Plein Air at Carl and Cole

Crepes on Cole SOLD
9 x 12
oil on panel

Carl and Cole Train Tunnel
9 x 12
oil on panel

These were fun because I painted them almost right outside my house. I did them both yesterday: the train tunnel in the morning and the creperie corner in the afternoon.

For both these paintings I was set up near the train tracks and I had to pause every time the little municipal train went by and blocked my view. It wasn't a problem earlier in the day but as I finished up rush hour was starting and a train was going by one way or the other every few minutes! I didn't mind though because I love the train.

Thursday
Feb282008

Train Tunnel Drawing


Train Tunnel at Carl and Cole, San Francisco
12 x 16 inches
vine charcoal on paper

Inspired by my plein air painting session with Mary yesterday, I decided to step out my front door today and try an outdoor sketch. This is a view of the entrance to a train tunnel in my neighborhood. I always admire the afternoon light bouncing in it and have been wanting to paint it for a while. I'm hoping to do a color painting, too. The tunnel interior is painted butter yellow and I just love how the curved shadow creeps around the inner surface. It gets a gorgeous reflected glow within the shadow.

I think one of my biggest problems with painting outdoors is that I am very shy to draw or paint where people can watch me. I hate anyone seeing my work before I feel it is in a good state. I've decided I have to get over this. So even though I live in a very pedestrian-heavy neighborhood I decided to brave the stares and set up right on the sidewalk. It was easier than I thought it would be.

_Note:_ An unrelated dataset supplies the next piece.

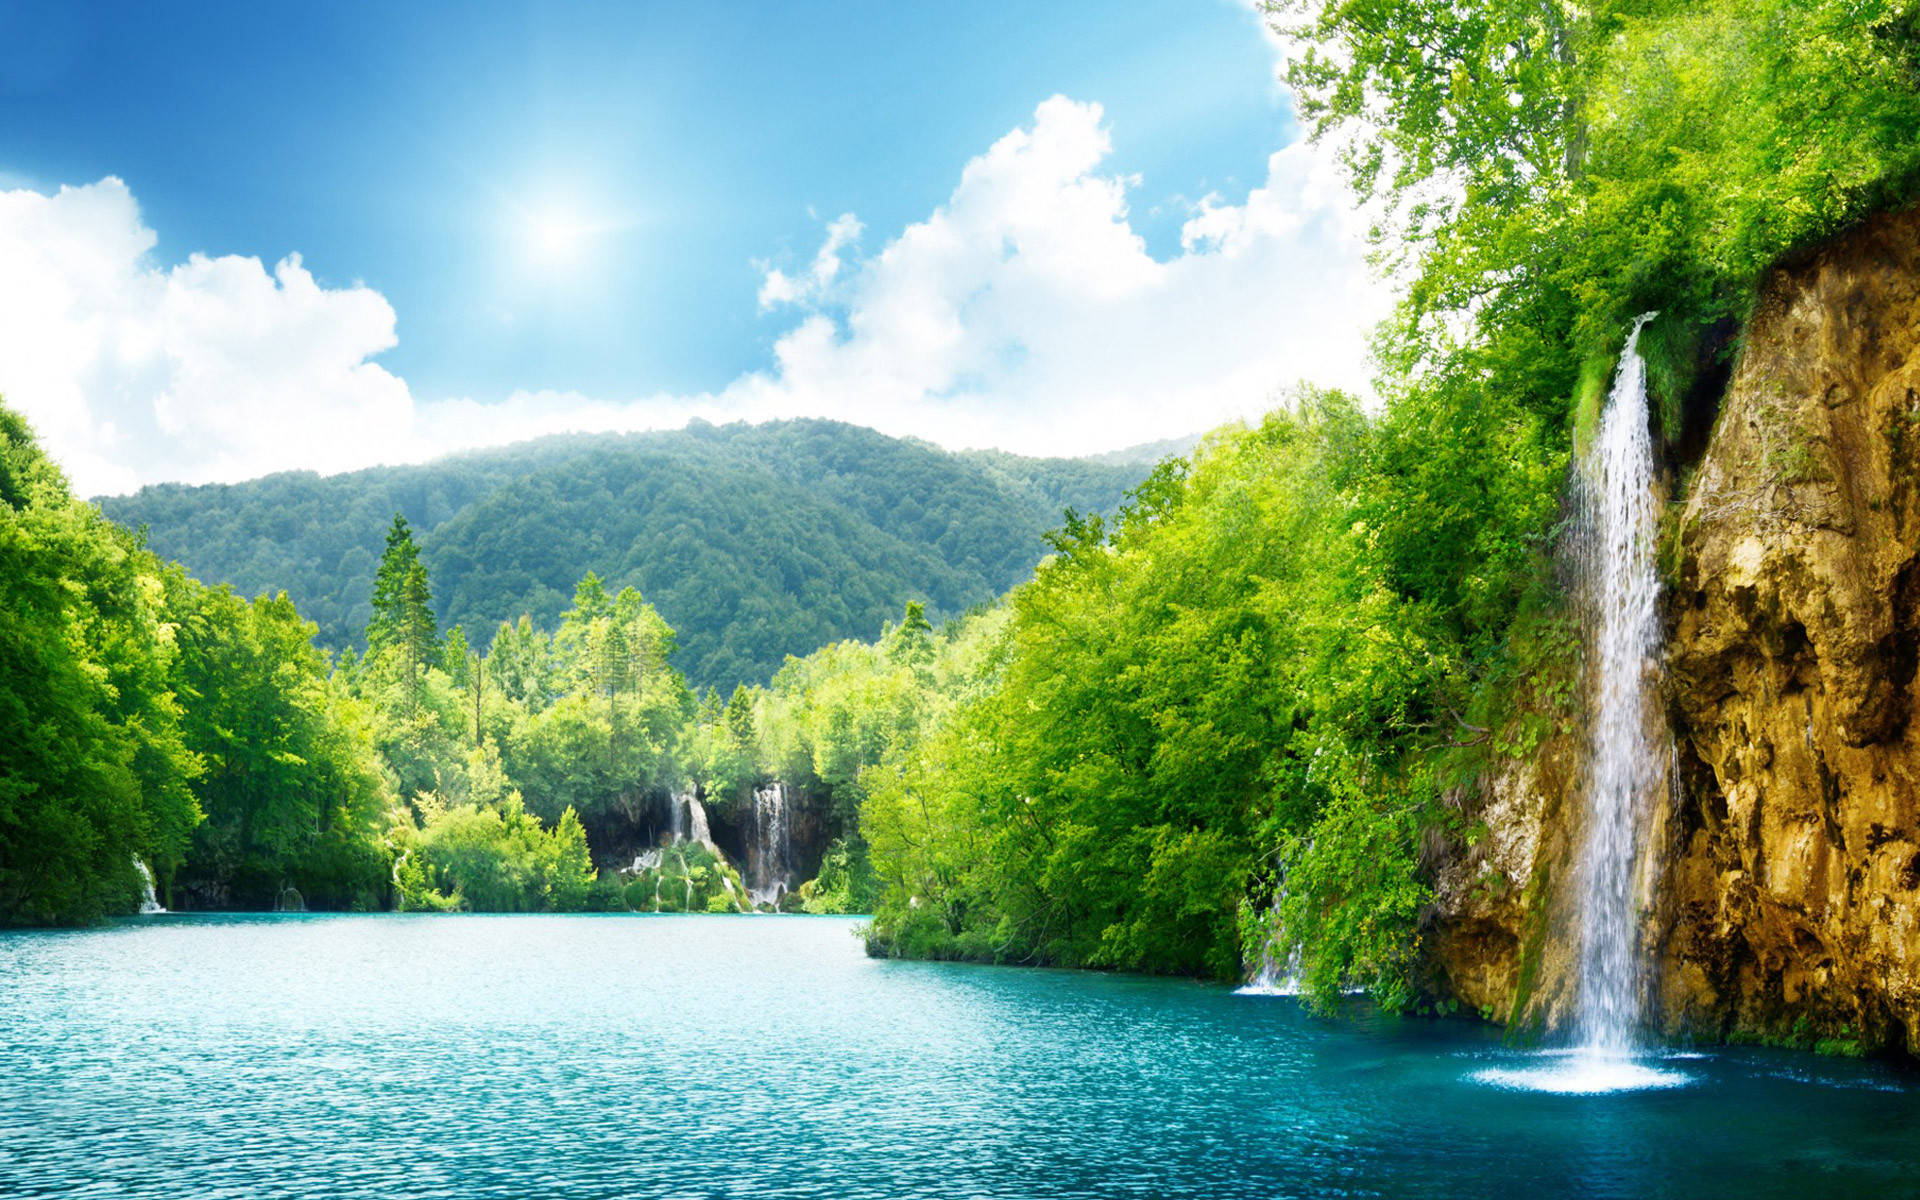 HD Landscape Nature Wallpapers: Find best latest HD Landscape Nature  Wallpapers in HD for your

I got a really nice compliment while working: A woman stopped and chatted with me, she said she was an artist too. She said she noticed that even though from far back the drawing is very hazy, that in fact close up there is a lot of structure. Structure!! I've been working explicitly on structure for months so I was thrilled she chose this word. I thanked her profusely but I don't think she realized how much it meant to me.

Thursday
Feb282008

Plein Air

View Through the Trees
9 x 12 inches
oil on panel

My friend Mary and I did a day of plein air painting together. My husband was confused as to why artists paint together, especially once I described that were set up far apart and barely spoke to each other all day except to share a couple snacks. But I explained to him that it's like meeting up with a workout partner: Someone to help you have the discipline to get out there, but it's not necessarily a social event. In any case, we had fun together, if only in the mostly non-verbal, co-solitary way two artists can have fun together. Hmmm.... "co-solitary", I just made that up and I think it's a good word!

Anyway, this first painting of mine (above) is very unfinished and I would have liked to work on it longer but after a couple hours all the shadows shifted around and absolutely everything had changed. I don't have much experience painting outside, and how anyone makes a fully developed landscape is a complete mystery to me.

Golf Course Grove
9 x 12 inches
oil on panel

Here I've made basically a value painting, color has nothing to do with it. It's just a range of pale yellow through dark green. I think I need to do some landscape painting copies to find out how people get color into their landscapes. Also, I have to figure out how to handle the foreground, this painting is dying for a foreground.

I'd also like to note that California trees are just weird. I grew up on the East Coast, and even though I've lived in SF for 8 years, I never get used to the Dr Seuss vegetation. These are pine trees, and yet the tops are flat. Where I come conifers look like proper Christmas trees!

Marin Headlands
9 x 12 (detail)
Oil on convas paper (bleh)

I only worked on this for less than an hour, and the overall painting is weak but I decided to post this portion because I had so much fun painting the rolling hills and eroded cliffs of the Headlands across the Bay. The hazy fog-filtered light on the distant hills allowed only a small range of color and value, so I had to mix very subtle color steps to describe the forms. It was a good exercise because it made me realize I often rely to much on dramatic value changes and I need to remember you can can really describe a lot of form with only very subtle shifts.